### Information provided:
-.-.-
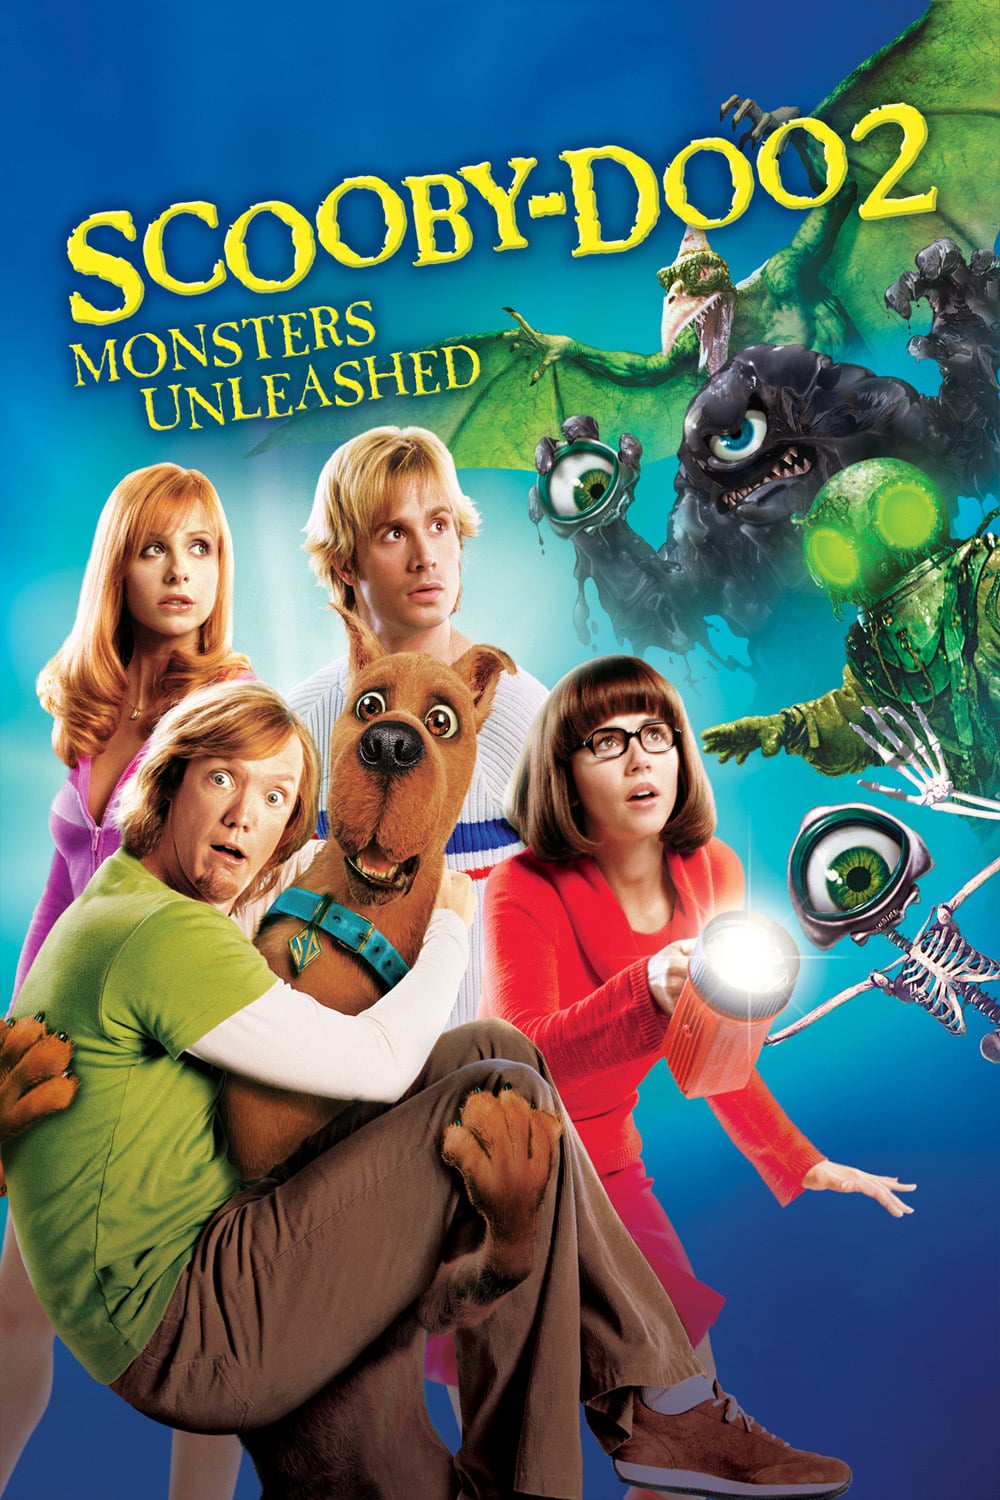 scooby doo 2 monsters unleashed pc beat black night at jousting
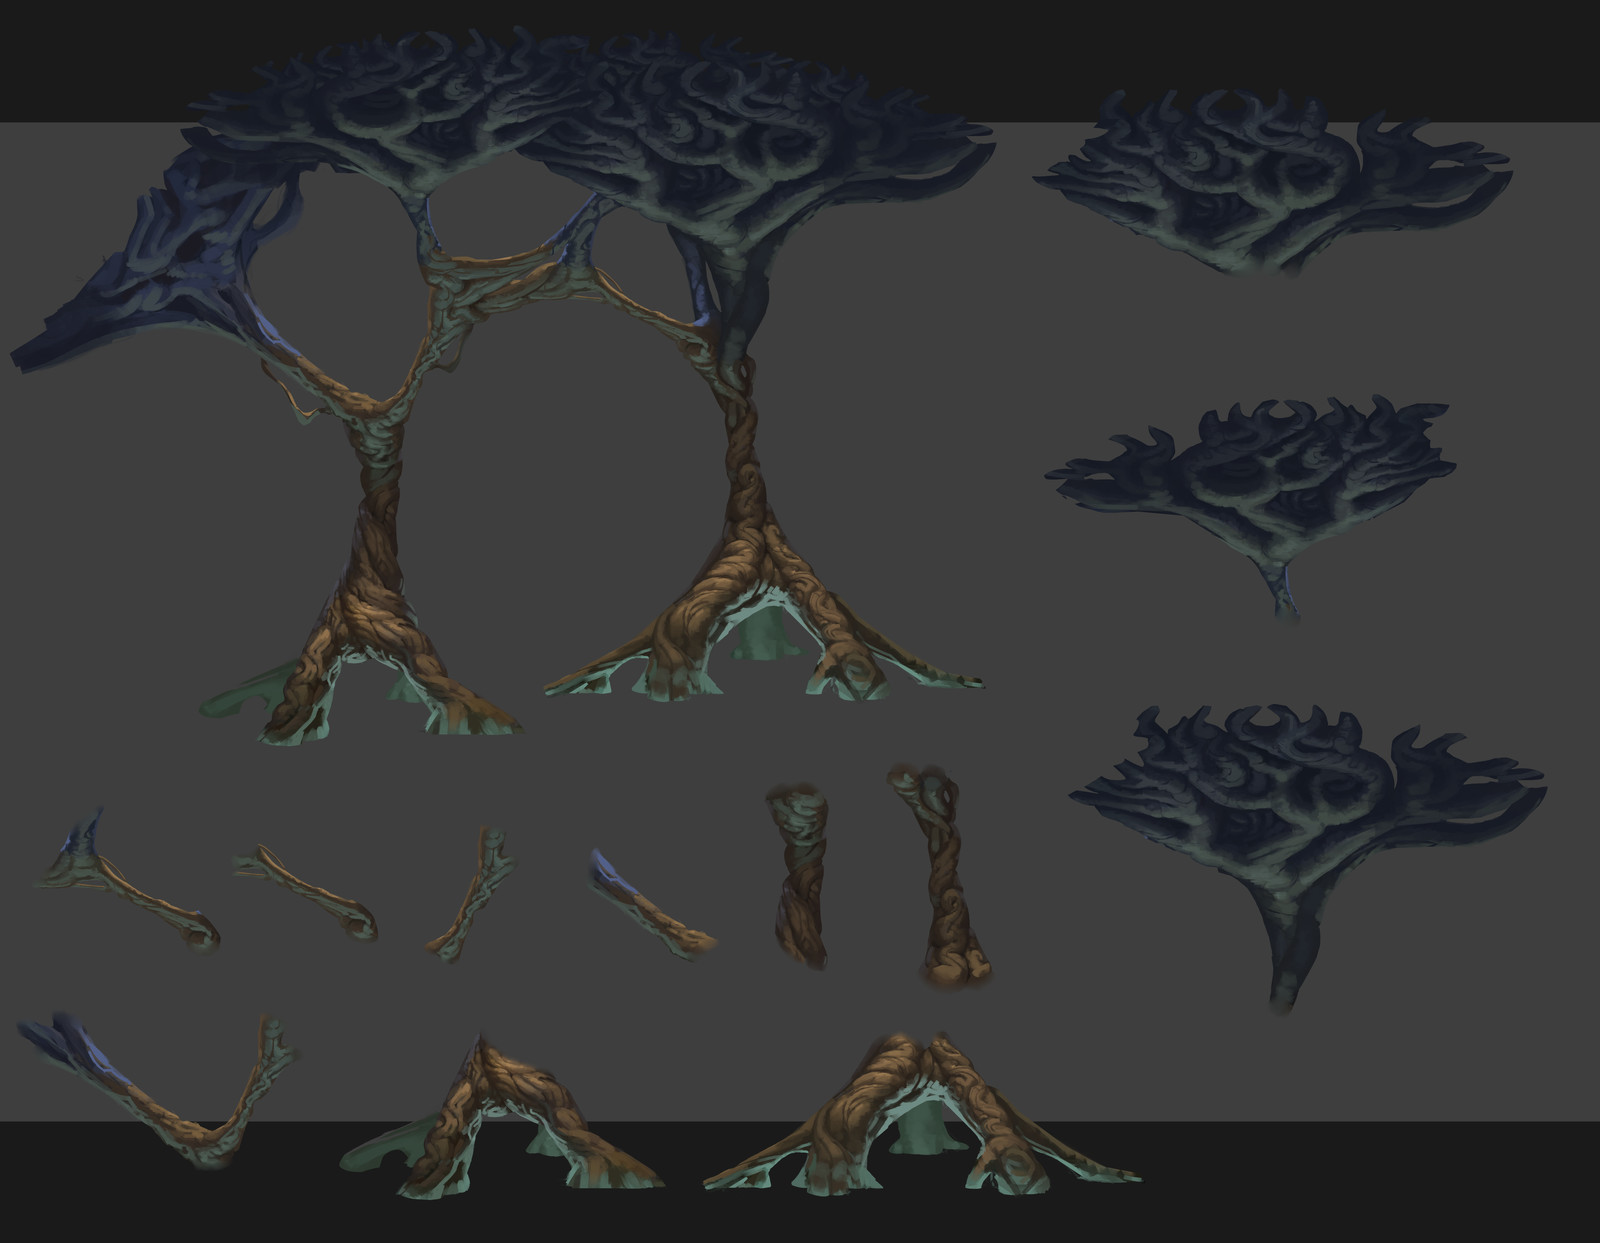 Sprite Sheet for the Root Pillars
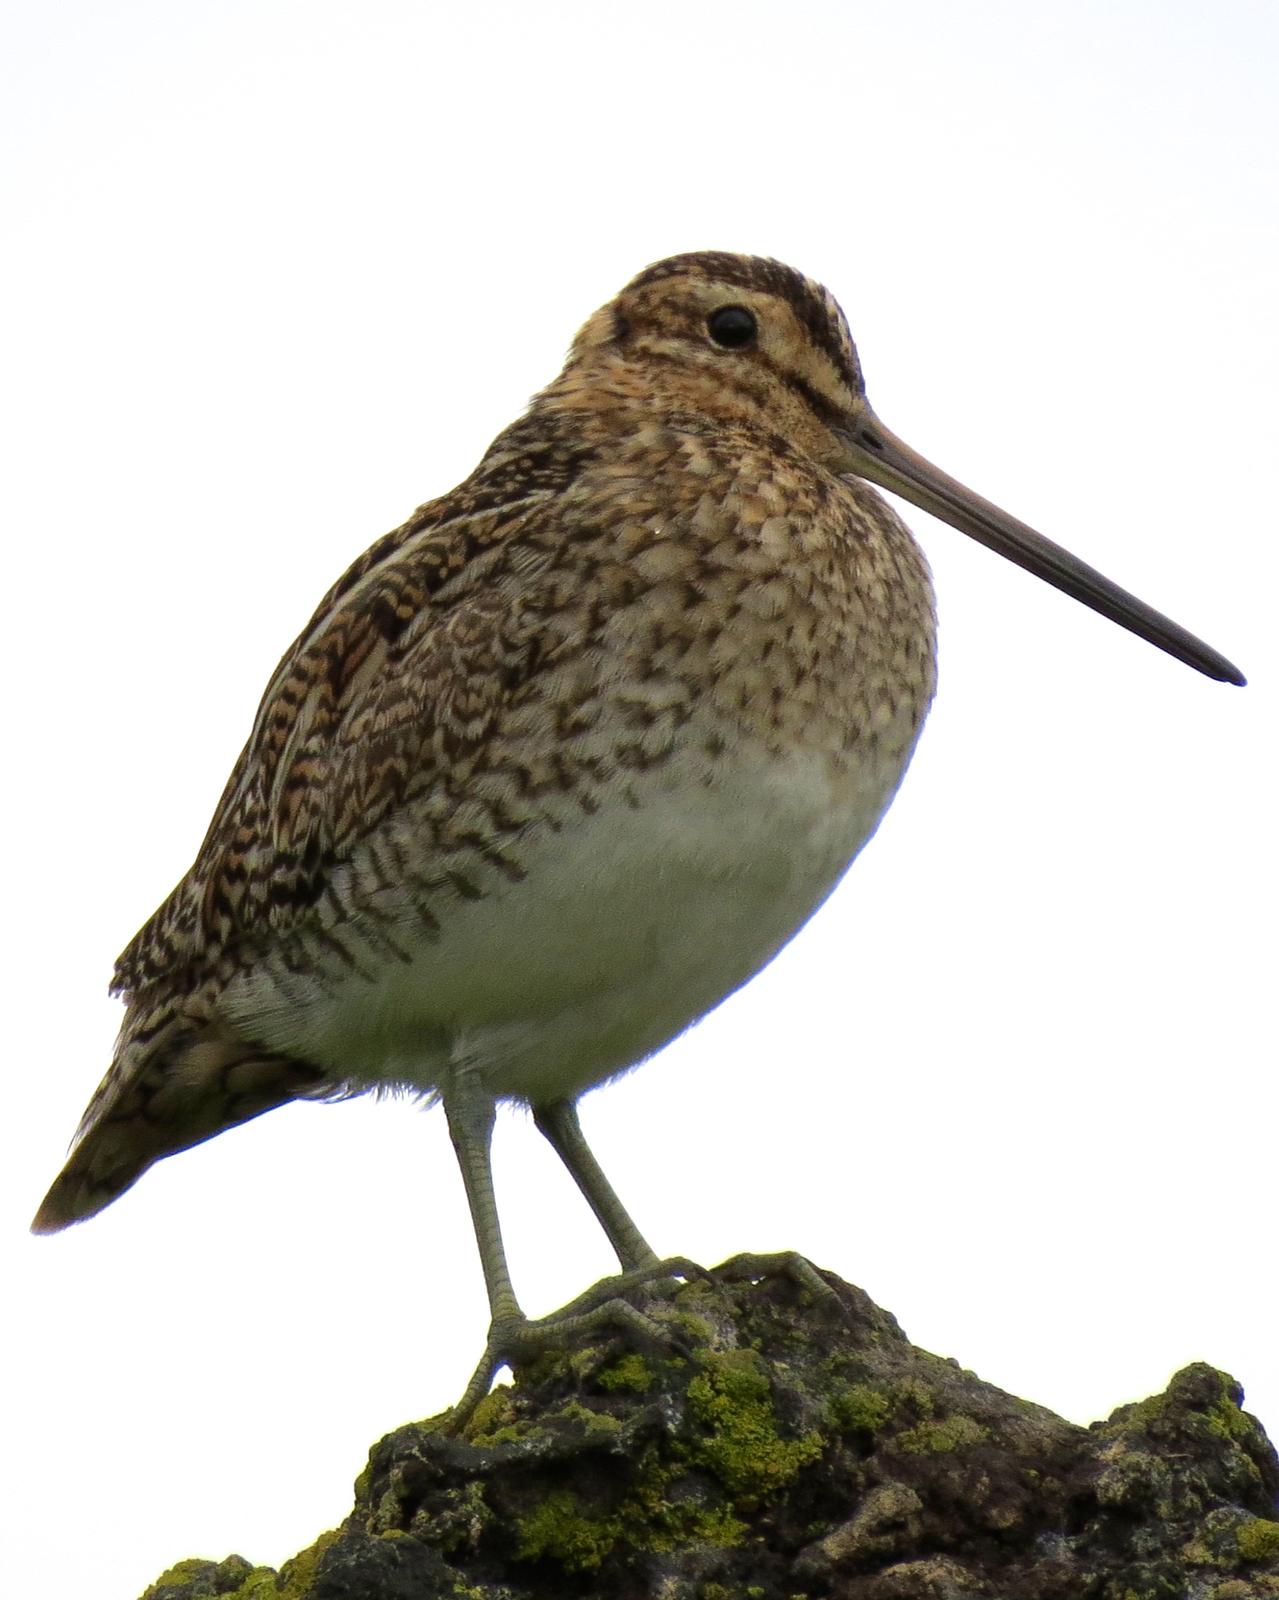 Common Snipe Photo by Robin Barker
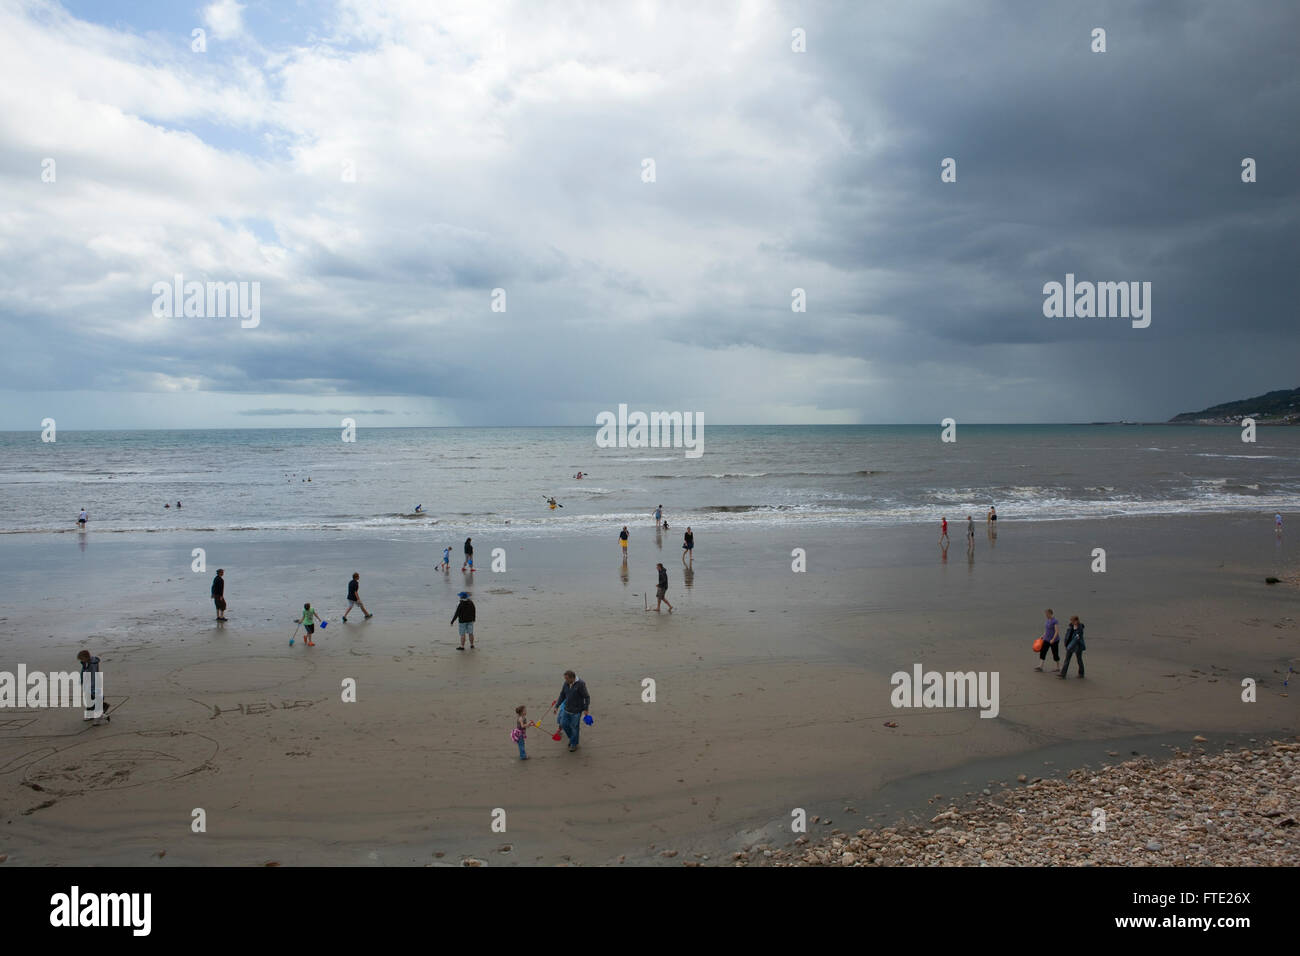 Holiday makers walking and playing on the sand of a british beach in a scene of typical british summer weather, damp cloudy and with a lack of sunshine. Stock Photo
-.-.-
### Exercise requirements:
Although the material contains pictures, only the lines are to be written out, exactly as they stand.

### The completed task:
 scooby doo 2 monsters unleashed pc beat black night at jousting
 Sprite Sheet for the Root Pillars
 Common Snipe Photo by Robin Barker
 Holiday makers walking and playing on the sand of a british beach in a scene of typical british summer weather, damp cloudy and with a lack of sunshine. Stock Photo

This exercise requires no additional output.